Exactly. You're talking about FLASH. I'm talking about data EEPROM.

Perhaps you are too new to PIC's to remember the earlier ones?.

No. I've never worked with 16C. 16F84 looks very old to me, even 16F84A does :)
 
Exactly. You're talking about FLASH. I'm talking about data EEPROM.

No, as I said you're confused, I'm talking about EEPROM program memory, as all devices were prior to FLASH - even those claiming to be FLASH were originally just EEPROM.

As I said, the transition was obvious if you were writing programming software, as FLASH uses a different method to EEPROM.

No. I've never worked with 16C. 16F84 looks very old to me, even 16F84A does :)

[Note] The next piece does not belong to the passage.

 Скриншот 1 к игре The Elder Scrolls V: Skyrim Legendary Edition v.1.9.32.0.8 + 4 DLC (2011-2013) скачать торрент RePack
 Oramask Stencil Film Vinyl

Again, the A version was EEPROM, as was it's later replacement the 16F628 - any FLASH devices are relatively 'recent' :D

I presume anything current has long since been FLASH?, although they still sell 16F84A's (at silly high prices), and I would presume they are still EEPROM else they couldn't be programmed as 16F84A's - could explain their high price, thinking about it.
 
any FLASH devices are relatively 'recent' :D.

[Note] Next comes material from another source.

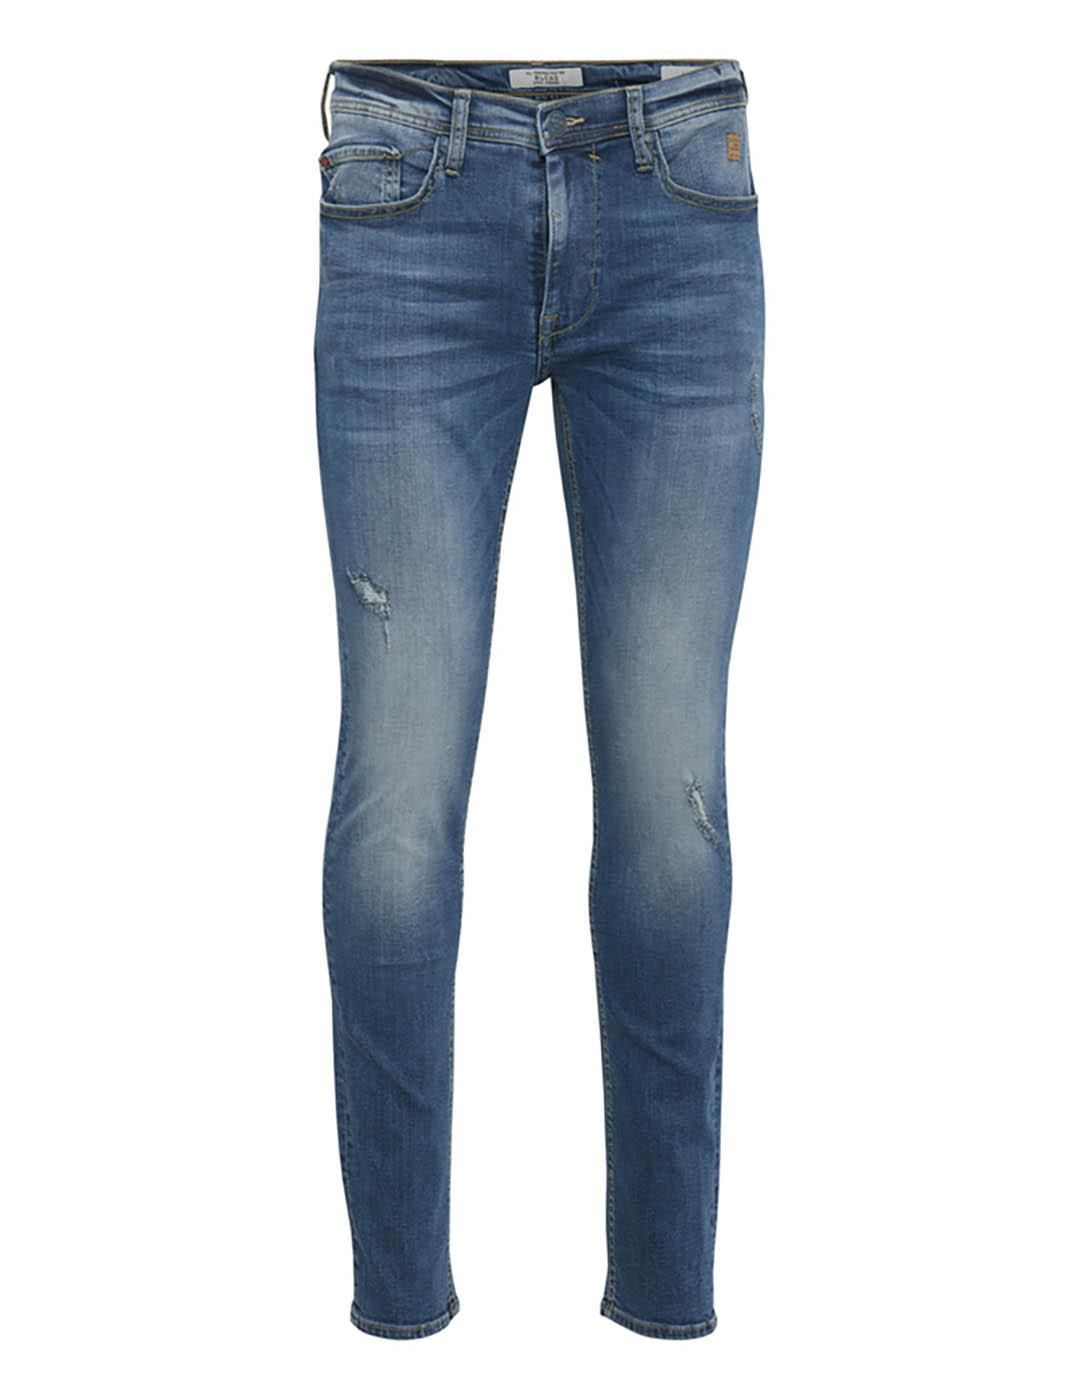 Jeans Roturas BLEND - Bicos de Fío

That is a different time perspective.

All devices I have ever used were FLASH devices. Among these devices, word "EEPROM" only applies to data storage :)

Most of the devices which I perceive as 'recent' don't even have data EEPROM, only FLASH program memory which is programmable from inside.
 
As far as I'm aware... There is very little difference between flash and EEPROM One uses NOR the other uses NAND!!

The only real difference is the ability to write at speed.... It would appear that over 1Mb serial flash is used.. If it were due to die space I can see why..... If you gated every cell the chip would be the size of a 40 pin micro!!!

MrAl was particular in the EEPROM... The AT24C32.. Nothing to do with pic16f84 vs pic16c84....
 
How do you know how long the write actually takes? - essentially you load the data (one byte or more) to the EEPROM, then instruct it to do the write - presumably the initial loading is to RAM (or similar), the chip itself then times the write sequence internally. As already suggested, if you're using EEPROM then use the busy ACK to get the fastest timing - are you perhaps already using that to actually time the write cycle?.

Hi again,

I used "micros()" in the Arduino library. For example:
Addr=0x02; //address
Bin=0x01; //one byte of data

mst1=micros();
EEprom_WriteByte(Addr,Bin);
mst2=micros();

That is followed by a loop that counts 100's of microseconds using delayMicrosseconds(100); It breaks out of the loop when it finds that a read of the EEPROM produces the same value as Bin above, and the value to start with in the EEPROM before the write is always different than what is being written. It counts the number of times through the loop and then displays that number. the loop starts at zero:
for(int j=0;j<100;j++)
Then i print 'j' just before it breaks:
Serial.println(j);
Serial.println(mst2-mst1);

So the actual call to the EEPROM write byte is timed as well as any extra time it might take for the byte to actually change. what it looks like so far is that the call to the WriteByte takes 432us and then there is no other delay because 'j'y is always zero on exit.

What else i dont know is if the read (which comes later) or the write hangs up the "micros()" function and therefore does not register all the microseconds. I'll have to test more using Ian's idea of writing a whole bunch of bytes i guess and finding the average time.
 
It is possible that the page size is 1 (as in old PICs for example).

Hi,

All i know is what the data sheet says, and it says there is a page size of 32 bytes. So 32 bytes can be written to in one shot, but i will not need that i just need to write one byte to four bytes then not write again for possibly as long as an hour. However, i'd like to know how long it will take in the write loop, even if i decide to write more bytes than four.